The study involved 12000 existing security professionals throughout the world; two-thirds of whom hold an (ISC)2 qualification while one-third do not. “It’s about 20% larger than our last survey – and I think we’re safe in saying it is the largest survey of its kind ever undertaken,” said John Colley, managing director, (ISC)2 EMEA, in discussion with Infosecurity.
Colley believes that three key findings come out of the survey. The first is that the industry simply isn’t attracting enough staff of sufficient quality. “There is an apparent skills shortage in terms of the number of people that are required to actually provide advice and guidance on information security. That’s having a negative impact in a number of areas. First of all,” he explained, “it’s impacting on the workforce itself – 71% said they felt under strain because they don’t have enough staff in place.” Then, he added, that shortage is affecting the company, having a direct effect on the number of breaches and the company’s ability to respond to incidents. And finally, according to 47% of respondents, that inability then has a direct effect on the organization’s customers.

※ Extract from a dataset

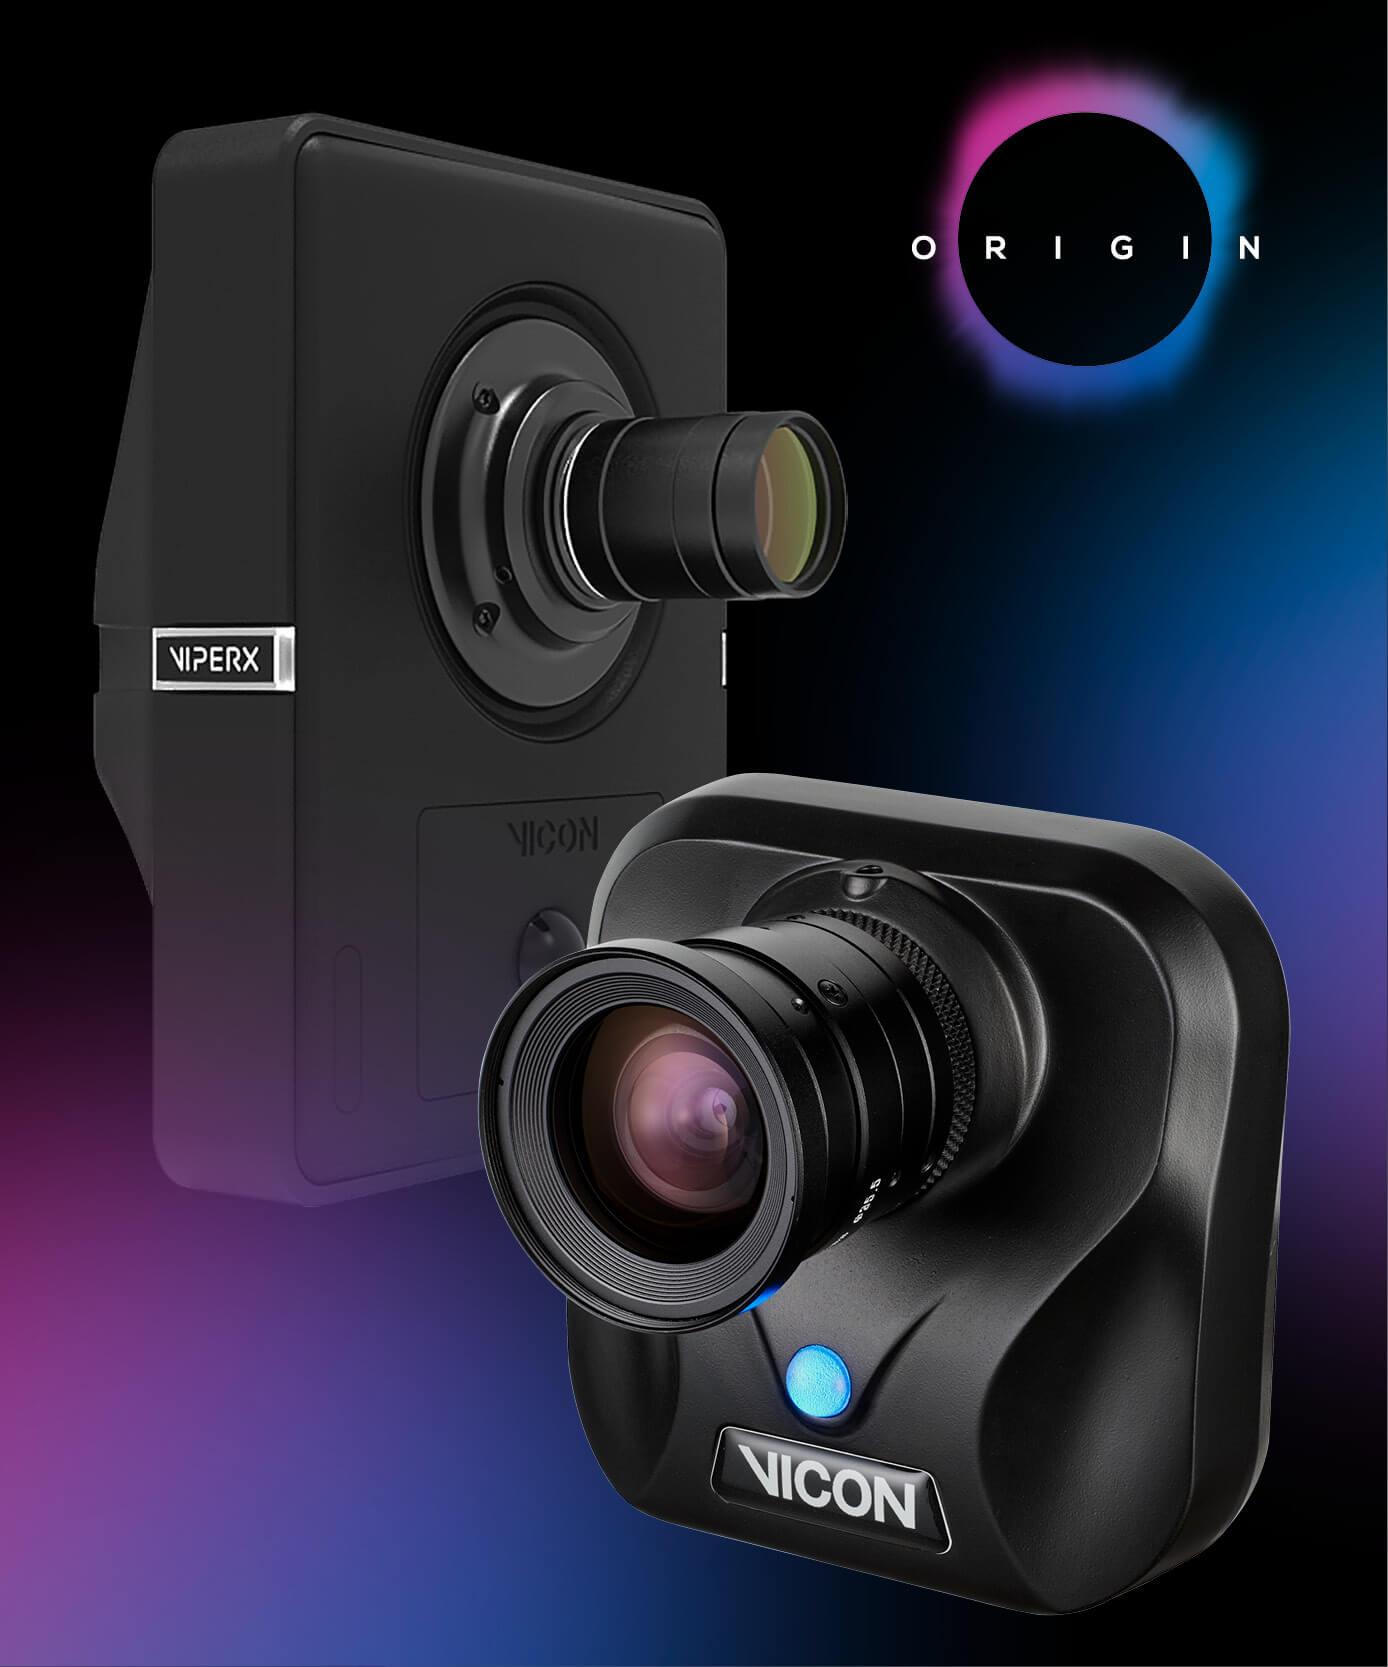 Viper and ViperX cameras

“If this issue is not adequately addressed,” warned Colley, “eventually it’s going to have a ripple effect right through the global economy.” He believes that the main problem starts with the education system. “We’re caught in a Catch 22 problem,” he said. “Companies want to employ experienced staff, but without the employment, people can’t get the experience.” While in many professions the education system at least provides some direct training, it doesn’t happen with security, he added. “If you want to be a civil engineer, you can get a degree in civil engineering; but the universities do not offer a degree in security.”
The second issue highlighted by the survey is an apparent disconnect between IT development and infosecurity. “Application security and software development is perceived as the number one issue for security professionals,” said Colley. “This is because IT doesn’t understand security, and security doesn’t get involved in software development.” One of the approaches we’re taking as an organization, he added, “is to engage more with academia, suggesting that basic security should be taught within IT and science courses. That way, when we turn out computer science graduates, at least they understand the fundamental principles of infosec. They should understand how to identify security requirements, how to design and architect security into systems, and how to code and test for security weaknesses.”
The problem is that neither of these are new issues. They have all been highlighted by (ISC)2 before; but rather than improving, they are arguably getting worse. “The people who are already in the profession,” said Colley, “are in a very privileged position – it’s a bit like the position IT was in 30 or 40 years ago, when they were the prima donnas. With IT, people were very quickly attracted into the profession – but I’m a bit concerned that this is taking so long for security.”
The attractiveness of the profession is the third key finding of the survey. “Information security as a career is resilient,” said Colley. “It’s flourishing, pretty well paid, provides good job security, and has little movement other than career progression.” With safe jobs and good pay, it is now up to education to furnish the right skills.